# BRIEF
Repeat the listing word for word, but skip any pictures.

# RAW DATA
BEGIN

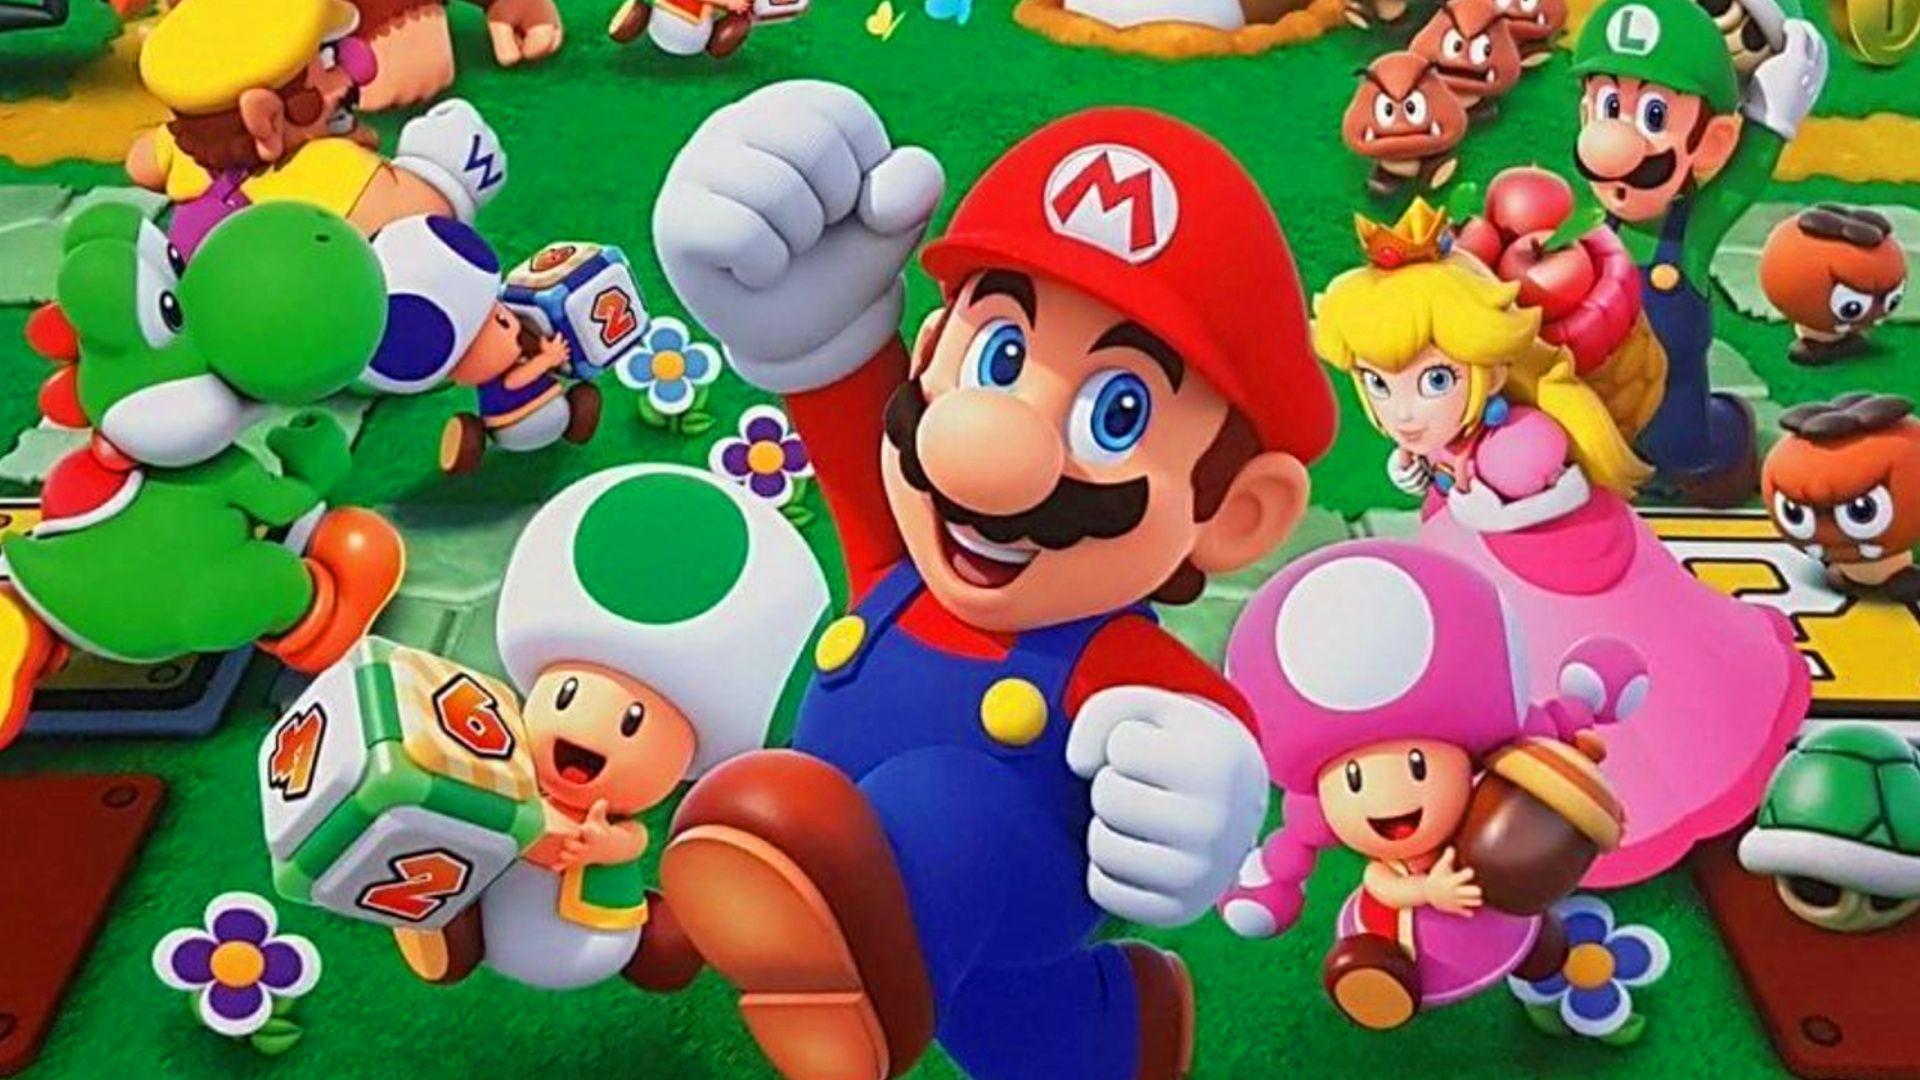 Музыка из игр mario. Nintendo Switch Марио пати. Nintendo Wii u Mario Party 10. Nintendo 3ds Mario Party. Mario Party: Star Rush [3ds].
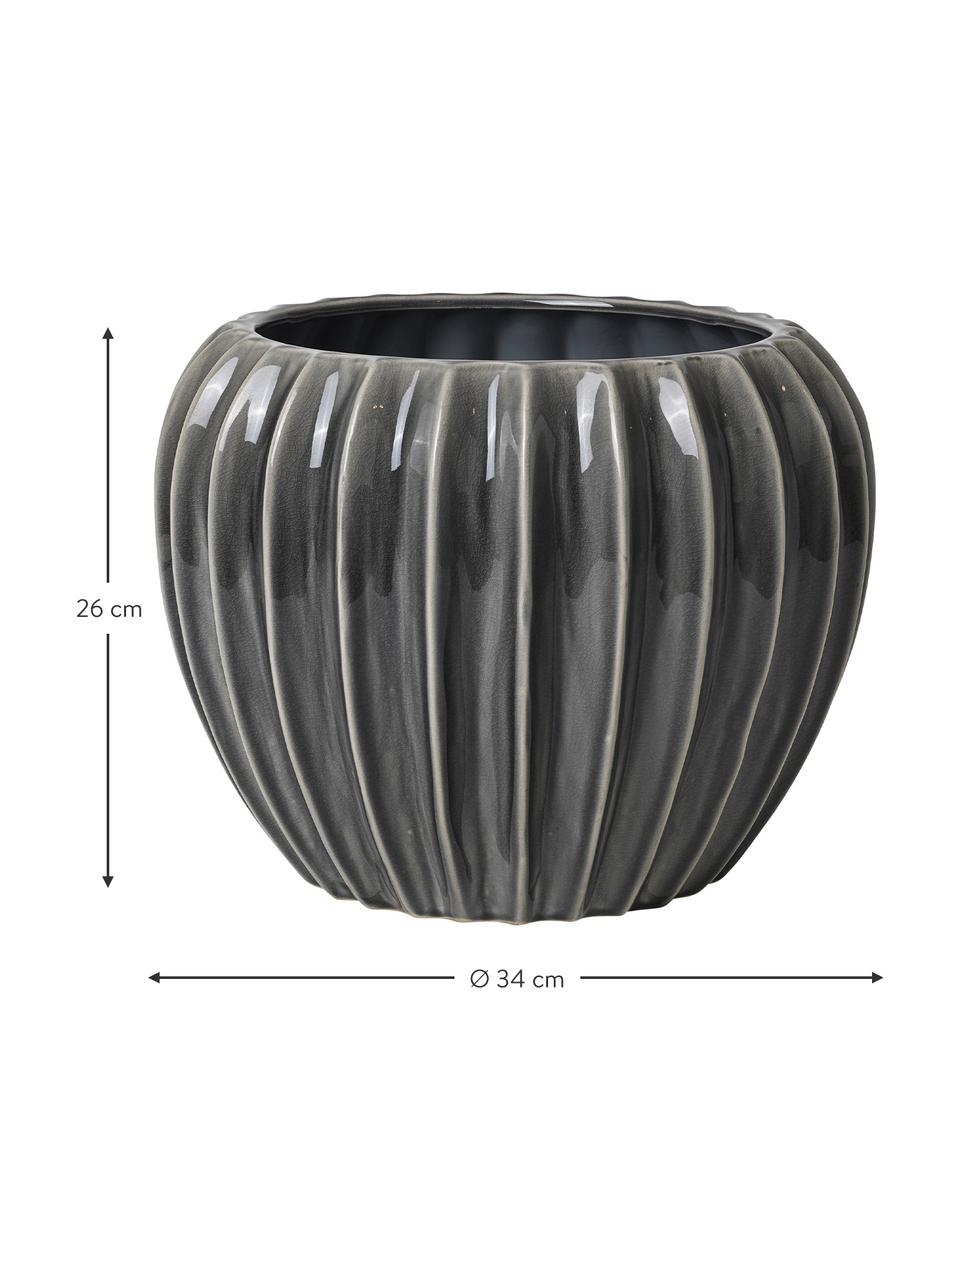 Velký keramický obal na květináče Wide, Keramika, Šedá, béžová, Ø 34 cm, V 26 cm
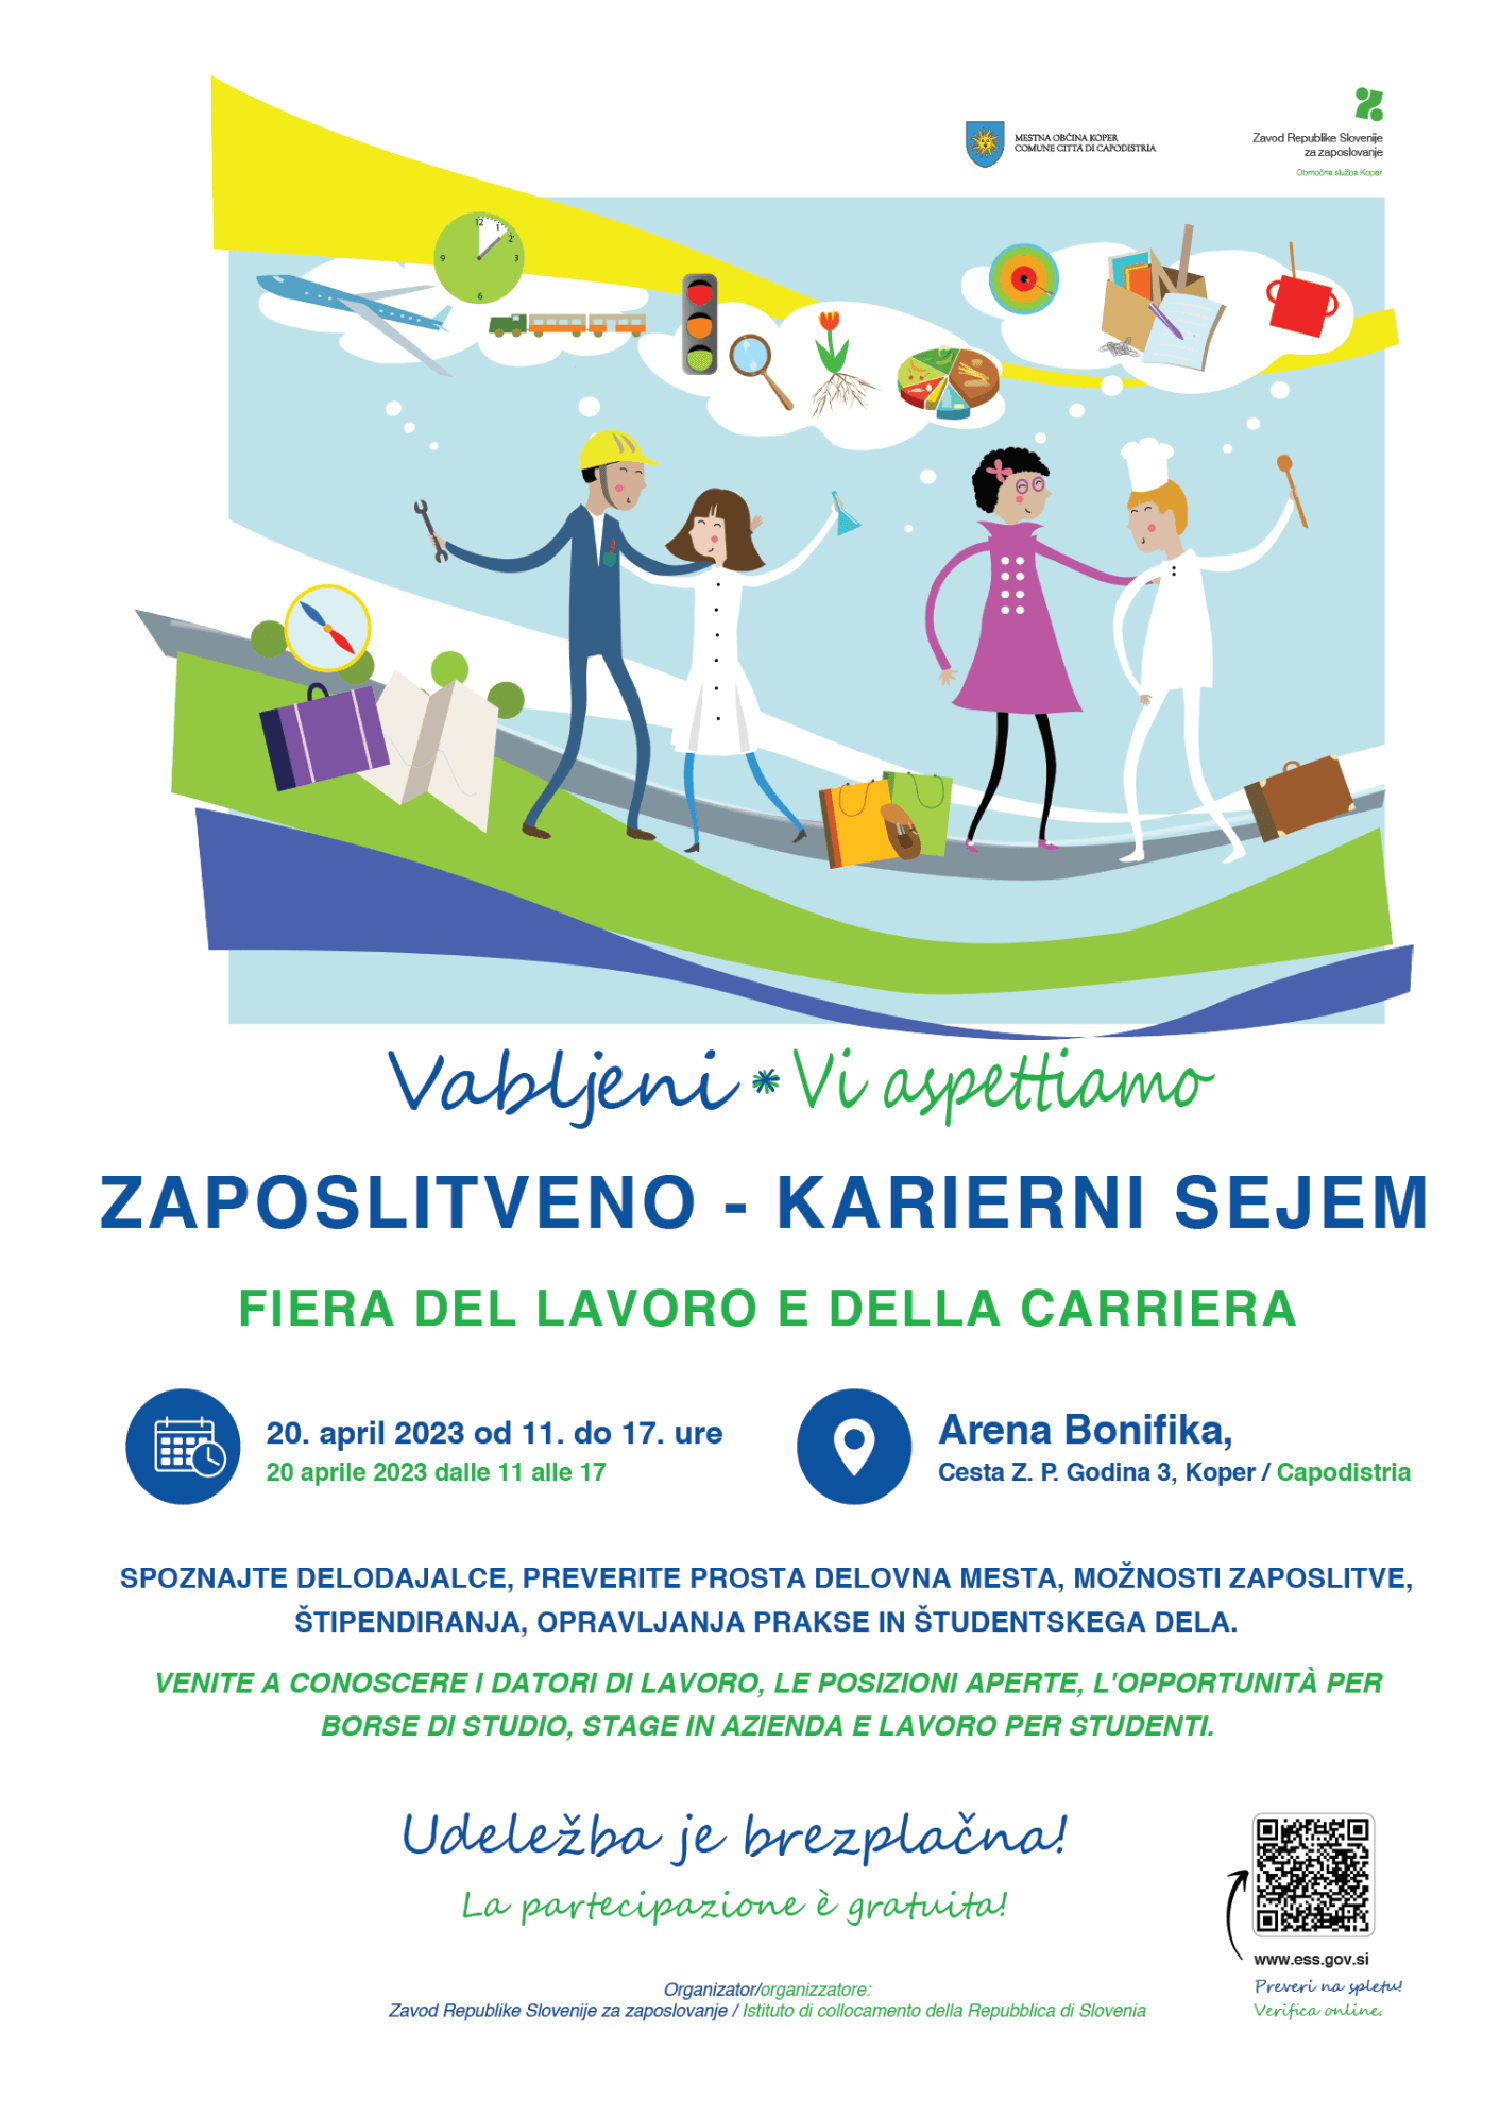 Plakat za zaposlitveno-karierni sejem v Kopru, 20. 4. 2023, od 11. do 17. ure, v prostorih Arene Bonifike

END

# ANSWER BELOW
 Музыка из игр mario. Nintendo Switch Марио пати. Nintendo Wii u Mario Party 10. Nintendo 3ds Mario Party. Mario Party: Star Rush [3ds].
 Velký keramický obal na květináče Wide, Keramika, Šedá, béžová, Ø 34 cm, V 26 cm
 Plakat za zaposlitveno-karierni sejem v Kopru, 20. 4. 2023, od 11. do 17. ure, v prostorih Arene Bonifike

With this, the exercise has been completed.